Lire, et de préférence lire des "feel good book" rendrait-il heureux? Si cela aide, la recette du bonheur est bien plus complexe que cela. ©BELGAIMAGE

Le phénomène de la littérature "feel good" a dépassé l'effet de mode pour devenir un genre aux enjeux commerciaux importants. Les éditeurs courent après les auteurs, les libraires n'ont plus peur de l'afficher. Mais cette course au bonheur rend-elle heureux?

Les éditions Jouvence, spécialisées dans la publication d'essais dédiés au bien-être et la santé, ont lancé l'an dernier un prix d'écriture "Roman bien-être", emporté cette année par la Bruxelloise Sofia Giovanditti. "L'agence des miracles", son premier récit, est sorti en librairie à la mi-octobre. Ironie de l'histoire, le roman part d'un constat bourré de scepticisme face à ces publications censées nous faire du bien et nous aider à trouver le chemin du bonheur: l'héroïne a tout lu, tout essayé en matière de développement personnel, et a décidé de renoncer au bonheur…

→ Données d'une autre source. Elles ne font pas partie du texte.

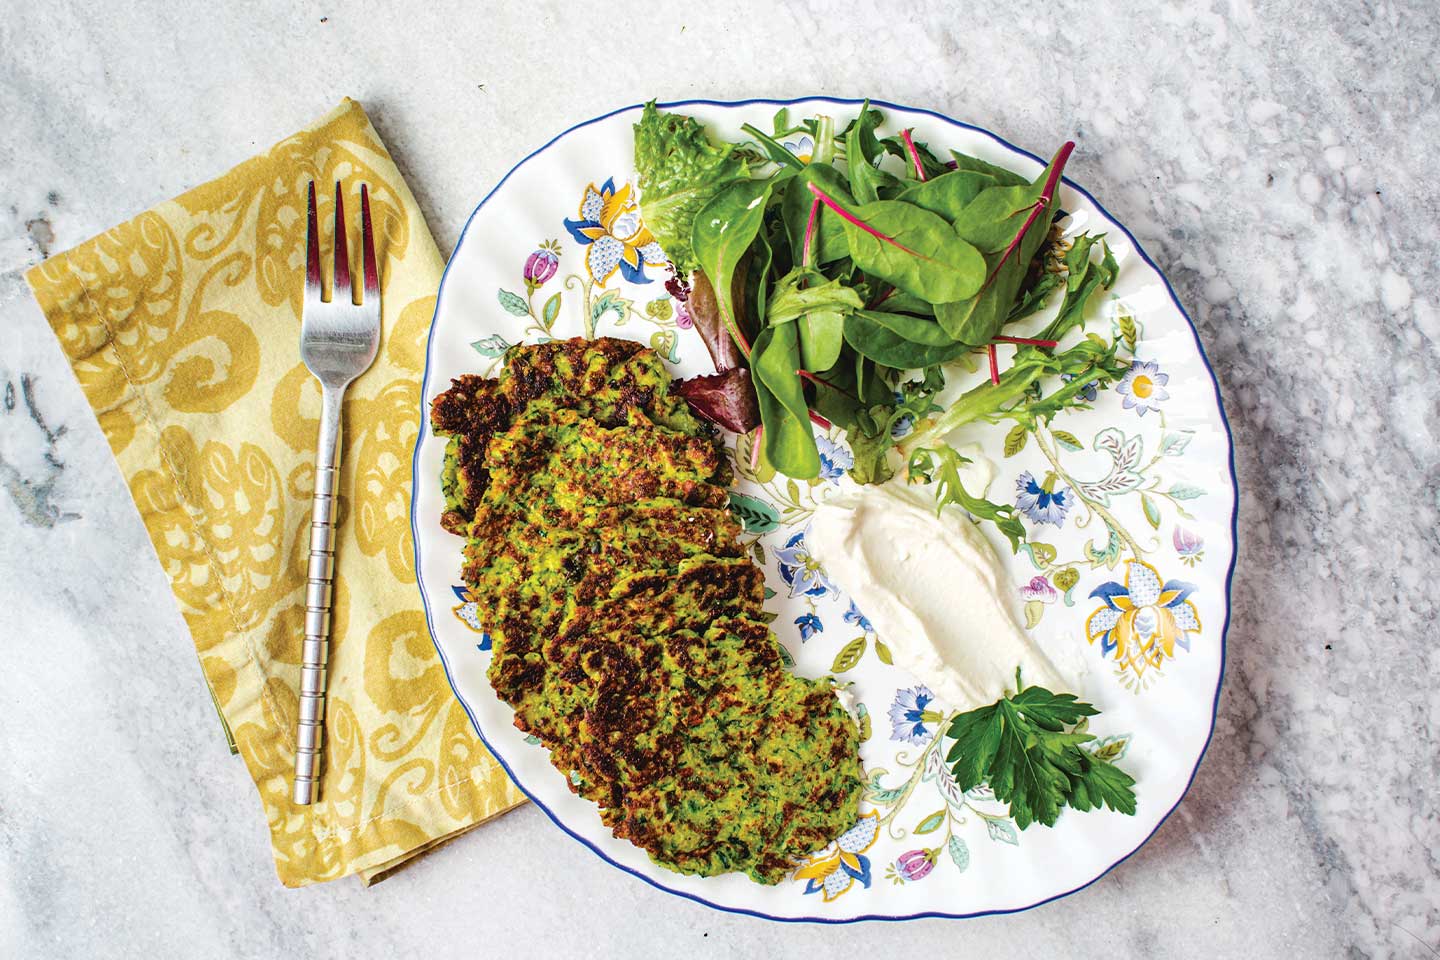 Hannah Wright’s Summertime Zucchini Fritters recipe in chattanooga

Un pied de nez au "feel good" qui foisonne dans les librairies? Pas vraiment, à en croire Charlène Guisdoiseau, la directrice éditoriale de Jouvence, maison qui a notamment édité les célèbres "Accords toltèques" de Don Miguel Ruiz. "Ce qui est intéressant dans le roman de Sofia Giovanditti, c'est qu'il met en lumière que l'on peut tous arriver à ce constat qu'on a travaillé sur nous, et que l'on stagne. On peut acheter cinquante livres de développement personnel, si on ne les met pas en pratique, cela ne servira à rien." Mais loin de décrier la veine commerciale exploitée depuis ses débuts par Jouvence, le livre, espère-t-elle, va plutôt attirer le lecteur a priori dubitatif sur ces méthodes de quête du bonheur en l'embarquant sur les traces de l'héroïne Lou et en l’amenant, l'air de rien, à travailler sur lui.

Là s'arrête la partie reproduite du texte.